Marketing- und PR-Kampagnen: Die Methode, mit warm eingepackten Gegenständen und Produkten auf sich aufmerksam zu machen, motivierte auch schon einige Veranstalter, Organisationen und Firmen zu neuartigen Marketing- und PR-Kampagnen:

  • Die Teilnehmerinnen der DLD-Konferenz in München bestrickten im Januar 2012 die auf der Bühne stehenden, großformatigen Buchstaben DLD.
  • Mit Häuserfotos beklebte Litfasssäulen in Wiesbaden erhielten rote Pudelmützen.
  • Ein Strickmob warb mit einem Netz aus viel grüner Wolle (Video) und dem Slogan „O’gstrickt is!“ auf dem Münchner Marienplatz für mehr Umweltschutz.

Fazit:

Fürs Urban Knitting engagieren sich freiwillige Strickerinnen, um die Gegenstände des Alltags warm zu verpacken. Ob Fahrräder, Brückengeländer oder Litfasssäulen – der Phantasie sind auch die Marketing- und PR-Aktionen von Firmen, Organisationen und Veranstaltern keine Grenzen gesetzt.

Ihre Meinung:

Wie finden Sie solche Strick-Aktionen? Hätten Sie Lust, selbst mal daran teilzunehmen? Welches Ihrer Produkte würden Sie gern mal warm einpacken?
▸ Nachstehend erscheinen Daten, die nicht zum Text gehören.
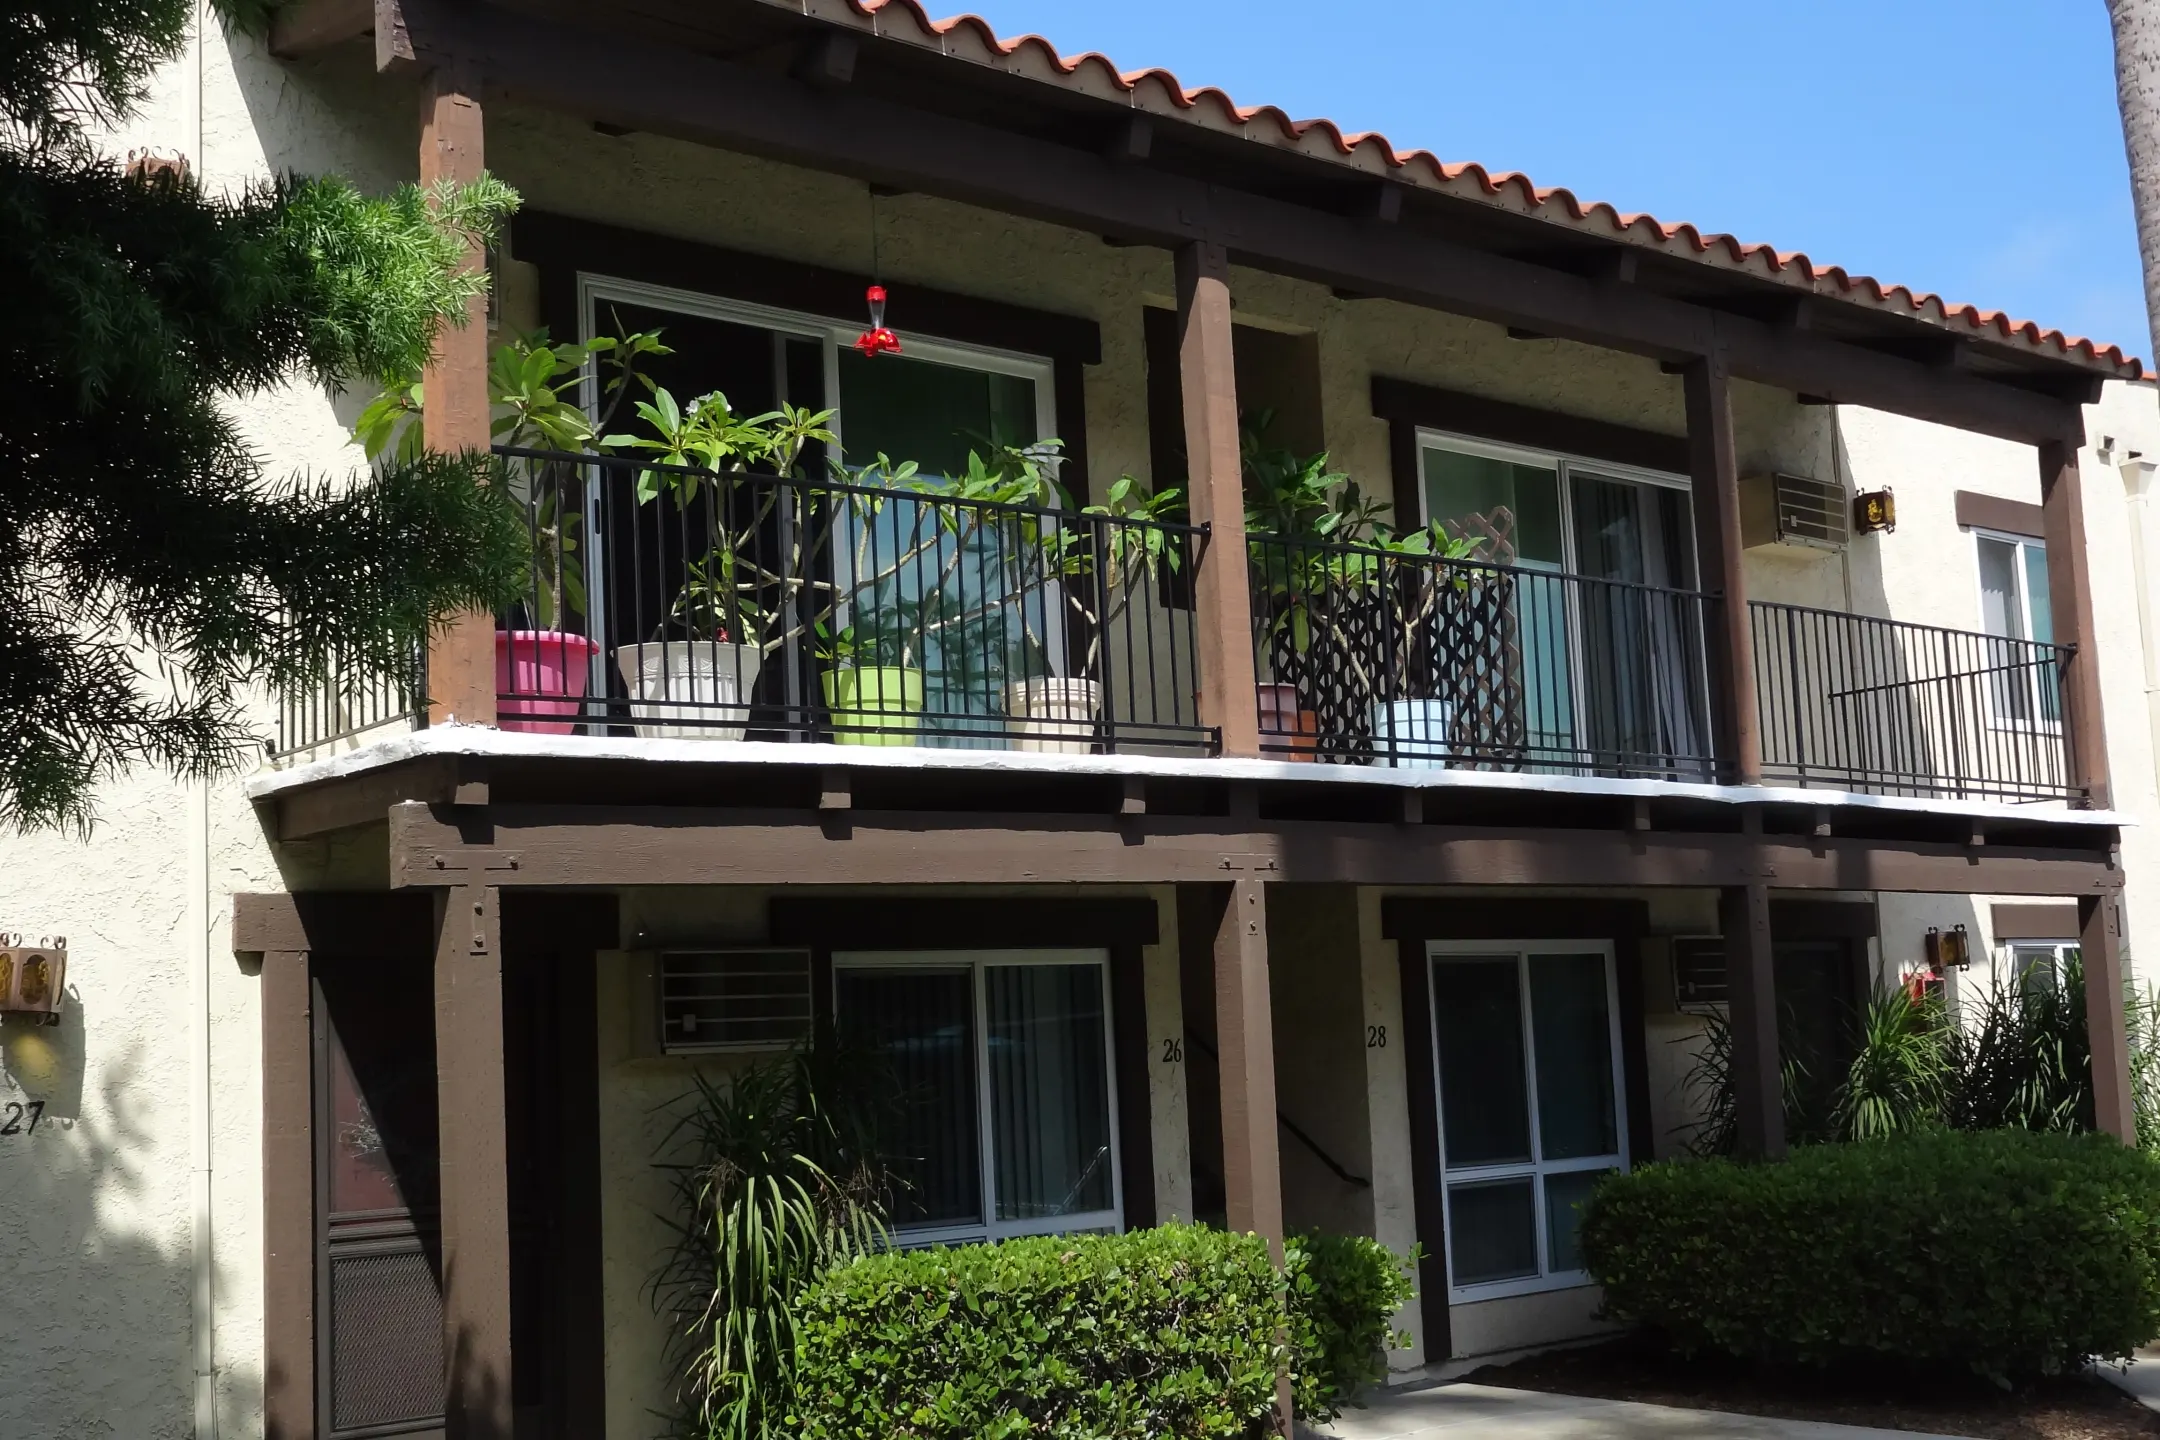 Building - The Maddox Apartments - Huntington Beach, CA

Foto: Petra Wüst (1), Angela Hoffmann (1)

2 Kommentare

  • Susanne Vieser

    Urban Knitting finde ich eine schöne Sache. Bloß wenn Firmen sich diese spontane Art, sich auszudrücken, vereinnahmen, finde ich das nicht mehr toll. Gelegentlich kann das ja eine schöne Sache werden, aber wenn’s eine Firma entdeckt, wird es ganz schnell fade, blöd – und ich befürchte, der eigentlichen Sache geht dann die Luft aus.

    • Das kann doch auch ganz lustig sein. Deshalb wäre ich nicht pauschal gegen das Urban Knitting als eine PR-Aktion für Firmen, die sich auf Produkten und Dienstleistungen zum Frieren oder Schwitzen spezialisiert haben. Wenn es die Leute aus ihrem Alltagstrott herausholt und sie schmunzeln lässt, umso besser.
      Umgekehrt regt es vielleicht die privaten Urban Knitter, sich auch immer wieder etwas Neues auszudenken. Oder sie entdecken auf diesem Wege, dass sich mit dem Stricken und Kreativität auch Geld verdienen lässt. Was ja auch ein positiver Nebeneffekt wäre.